Evidemment, ces livres ne seront pas sans causer quelques remous. D’autant plus que Bruno défend ses idées durant quelques conférences à l’université d’Oxford, peu ouverte à ce type de théories. George Abbott, archevêque de Canterbury, écrira en 1604 sur Bruno dont il assista à certains de ses cours :

Ce petit homme italien […] entreprit la tentative, parmi tant d’autres choses, de remettre sur pied l’opinion de Copernic selon laquelle la terre tourne et les cieux sont immobiles, alors qu’en réalité c’était sa propre tête qui tournait et son cerveau qui ne pouvait rester immobile.

La situation devient difficile.
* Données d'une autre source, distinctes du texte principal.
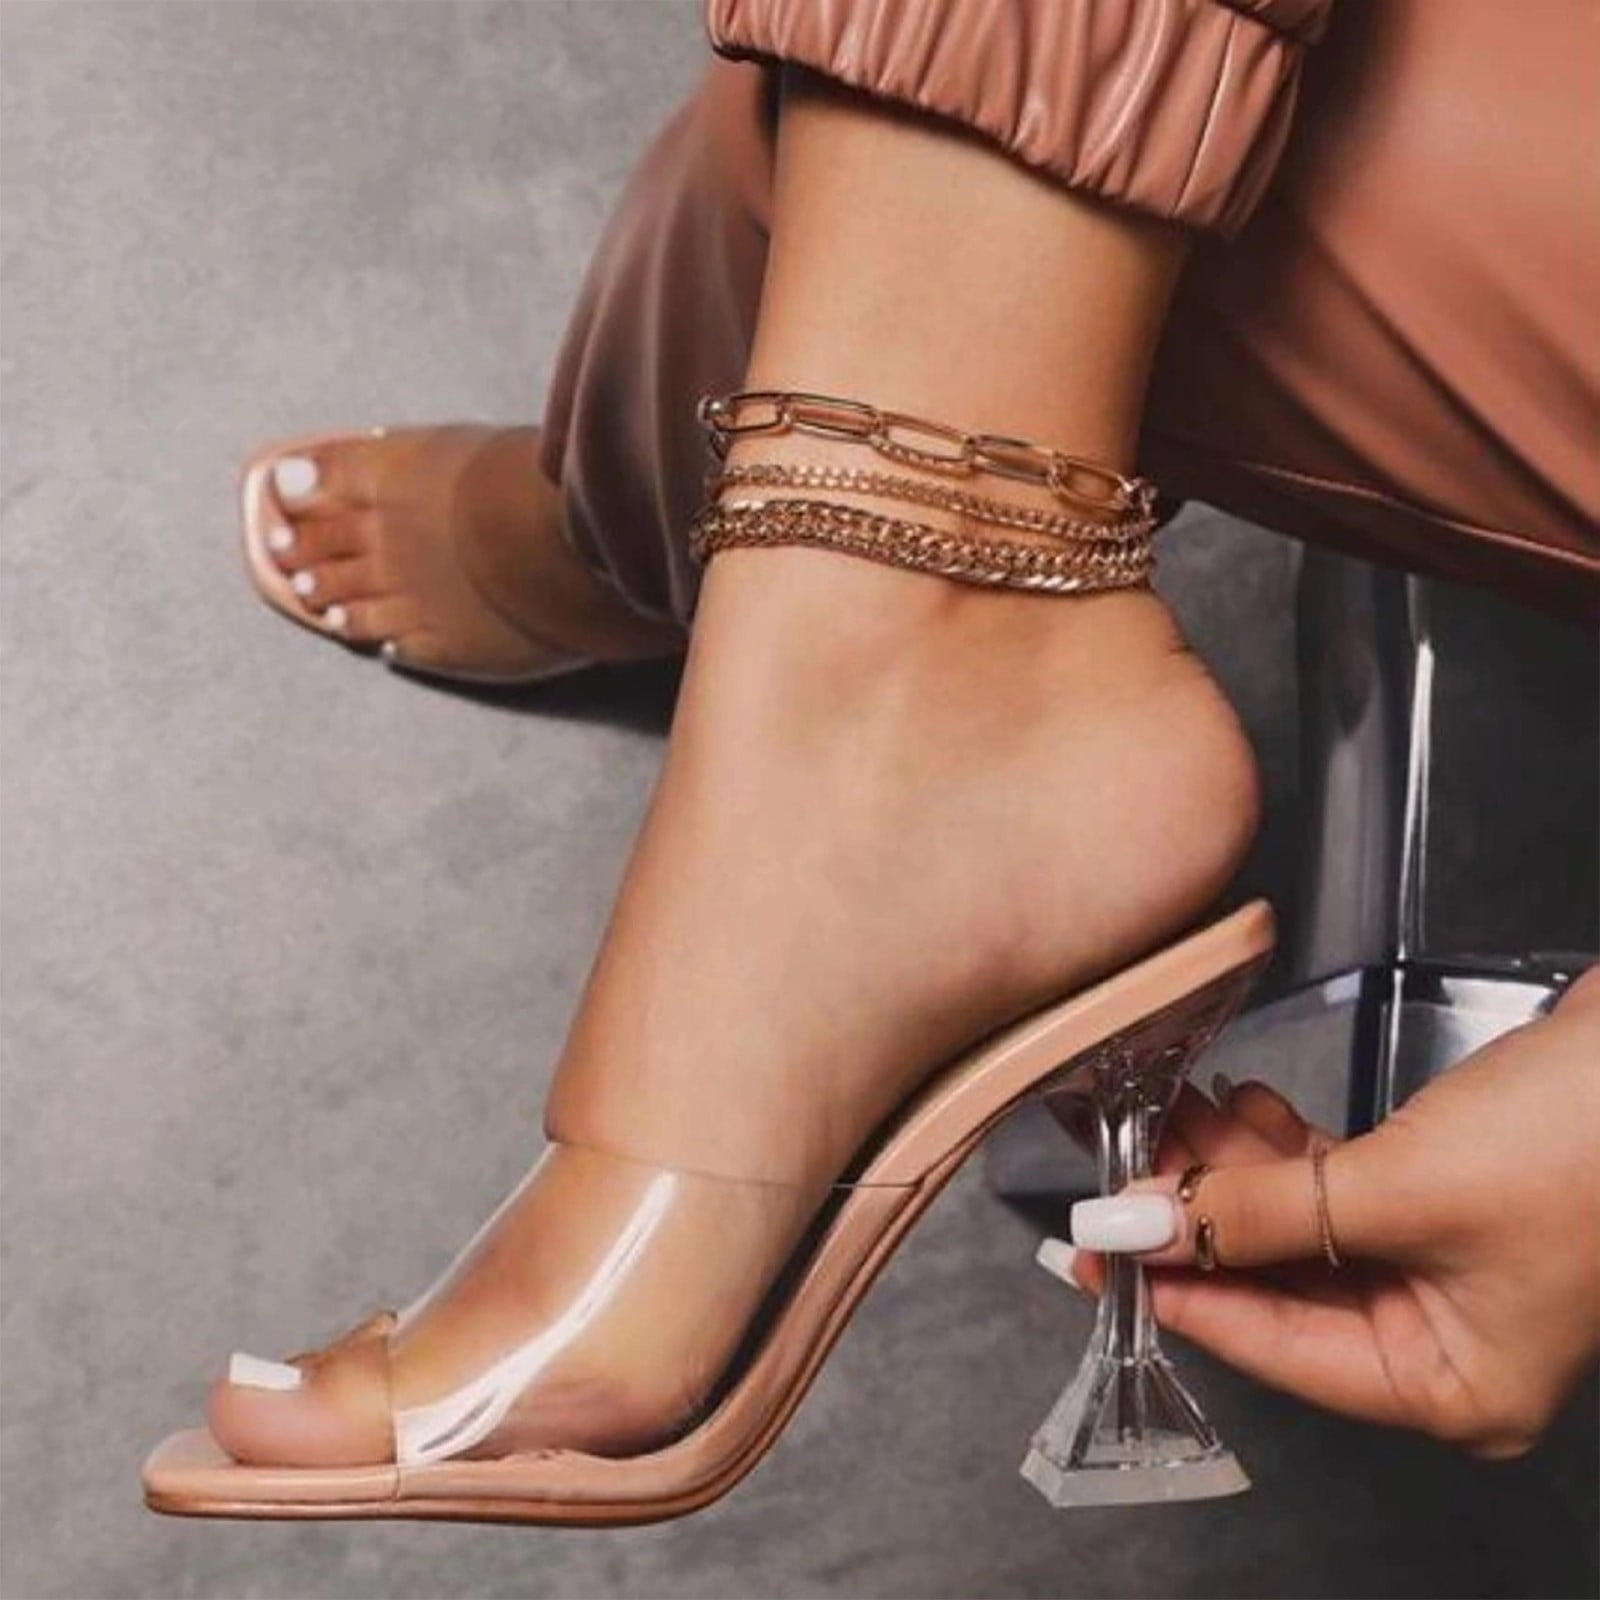 Women's Shoes Transparent Heel, Women's Transparent Sandals

Les ombres, à nouveau, s’avancent, et le voile de l’obscurité cherche à recouvrir la douce lumière de la sagesse. Bruno n’a pas d’autre choix que de fuir. Encore, toujours, inlassablement. Ne pouvait-il donc pas se taire, se concentrer sur la mnémotechnique au détriment de la cosmologie ? Que cherchait-il donc, à s’appauvrir ainsi progressivement, à rejeter par le voyage incessant sa volonté de devenir enseignant ? Peut-être est-ce cela, finalement, la vraie liberté : le sacrifice au nom de la pensée.

Portrait de Bruno publié en en 1824, d'après un portrait de 1715, lui-même reproduction d'un portrait supposément réalisé en 1578 et aujourd'hui perdu.
Portrait de Bruno publié en en 1824, d’après un portrait de 1715, lui-même reproduction d’un portrait supposément réalisé en 1578 et aujourd’hui perdu.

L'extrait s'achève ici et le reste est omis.